Frequently Asked Questions

What is Roger Staubach's net worth in 2026?+

Roger Staubach's net worth is an estimated $600 million, making him widely regarded as the richest living former NFL player.

How did Roger Staubach get so rich?+

Not from football. The vast majority of his fortune came from The Staubach Company, the commercial real-estate firm he built and sold to Jones Lang LaSalle in 2008 for a reported $640 million.

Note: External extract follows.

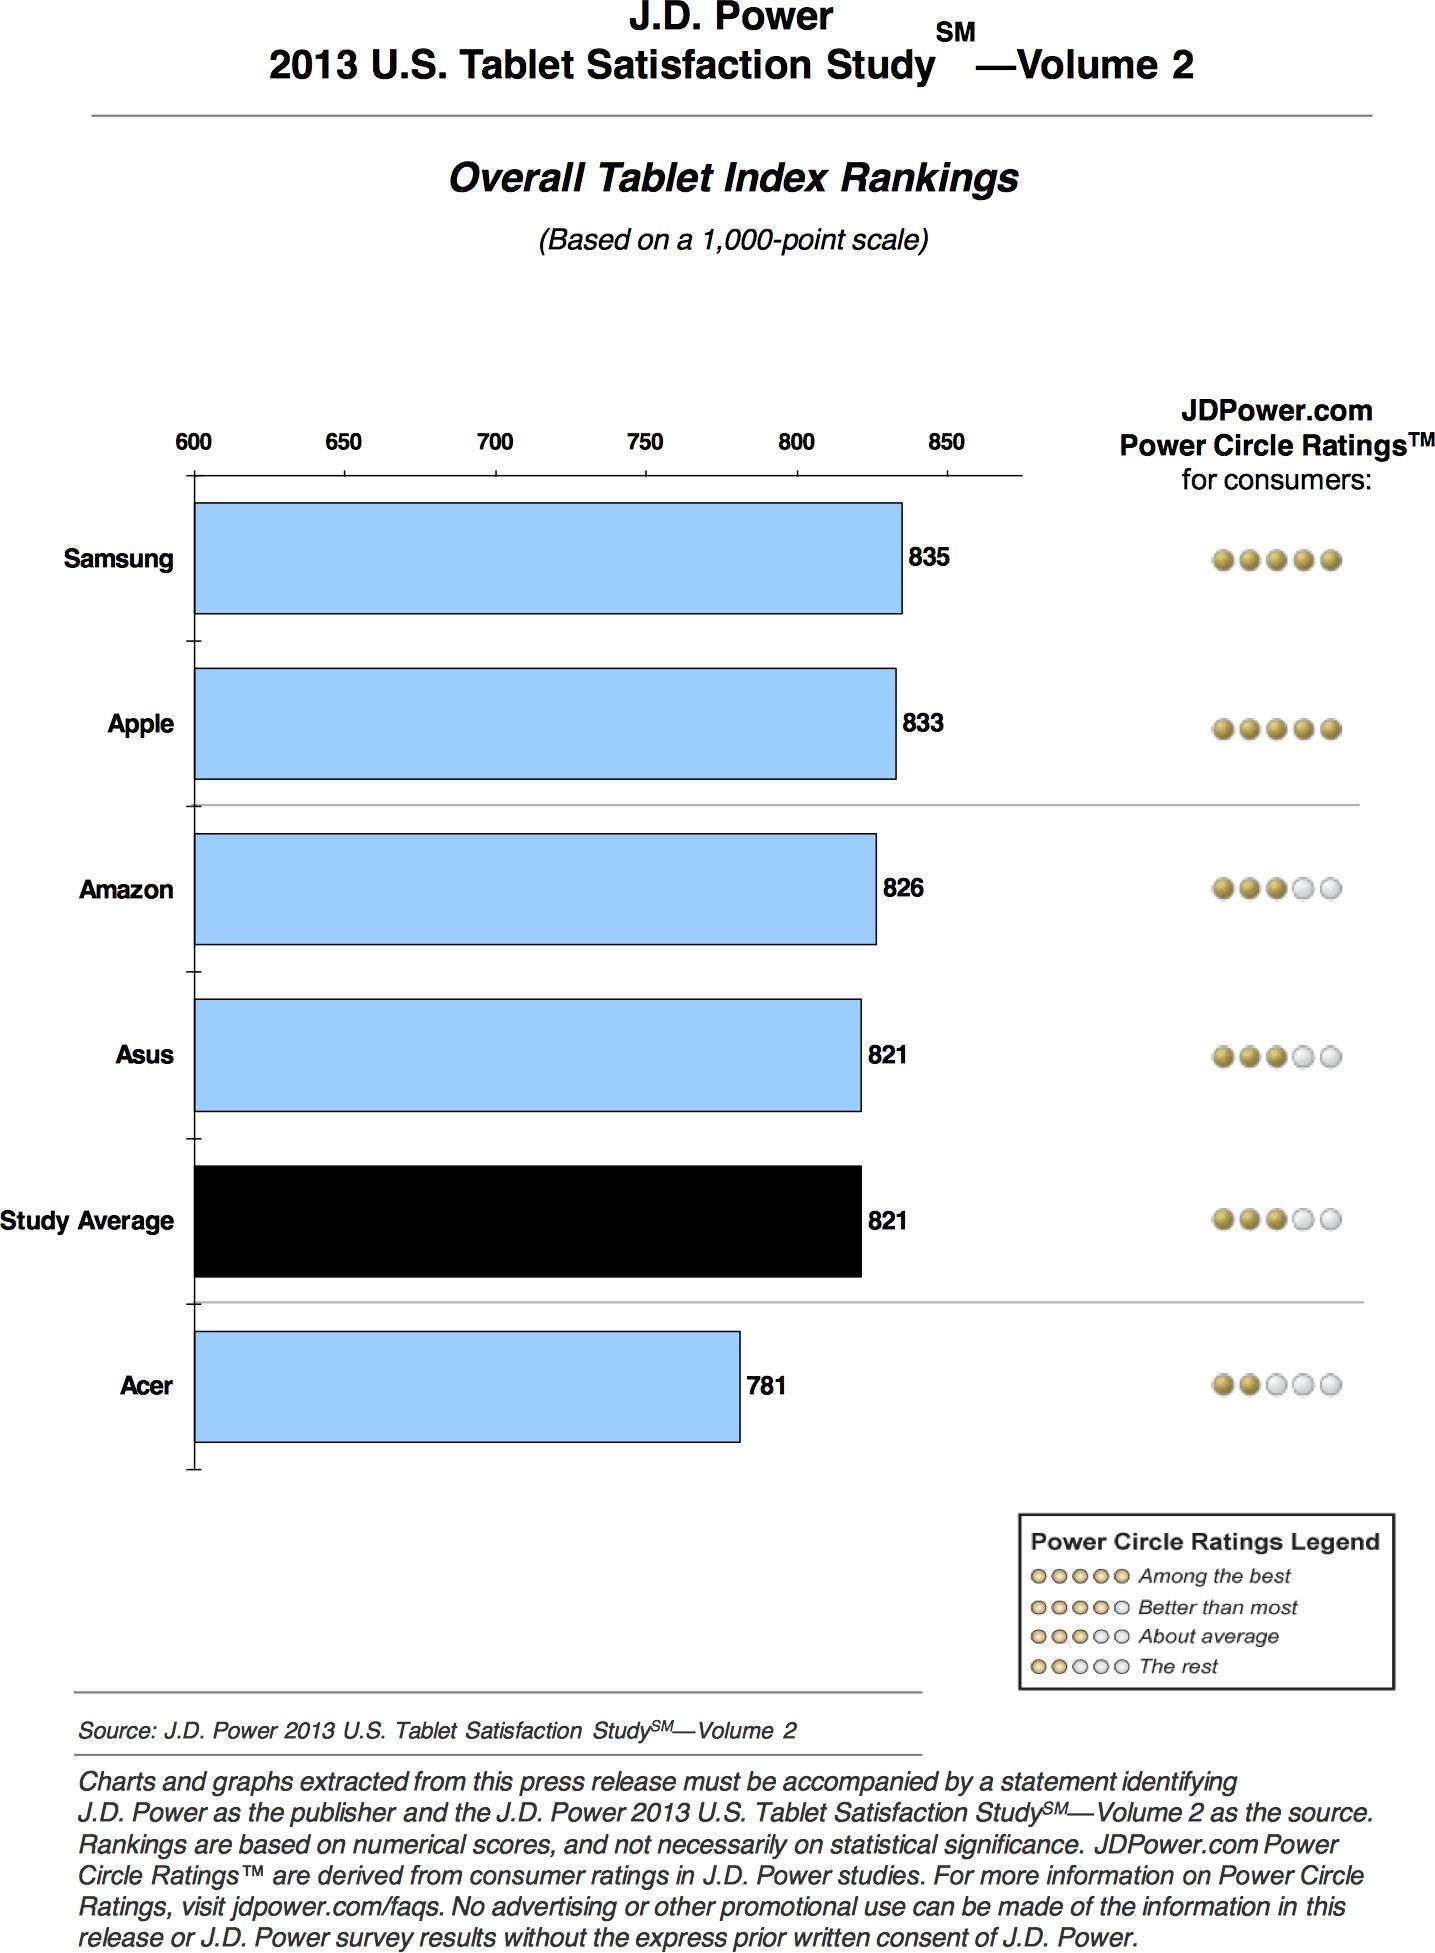 Estudo da J.D. Power sobre a satisfação de usuários com tablets

How much did Roger Staubach make in the NFL?+

Very little by today's standards. His 1969 rookie salary was $25,000, and even at his peak the Cowboys offered him around $375,000 a year, which he turned down to run his business full-time.

What was The Staubach Company?+

A commercial real-estate firm founded in 1977 that pioneered tenant representation. By 2007 it ran roughly 70 offices with about 1,500 employees, handling over $28 billion in transactions a year.

Is Roger Staubach richer than Tom Brady?+

By career earnings, Tom Brady out-earned him on the field many times over, but Staubach's real-estate exit made him one of the wealthiest ex-players ever, with an estimated $600 million fortune.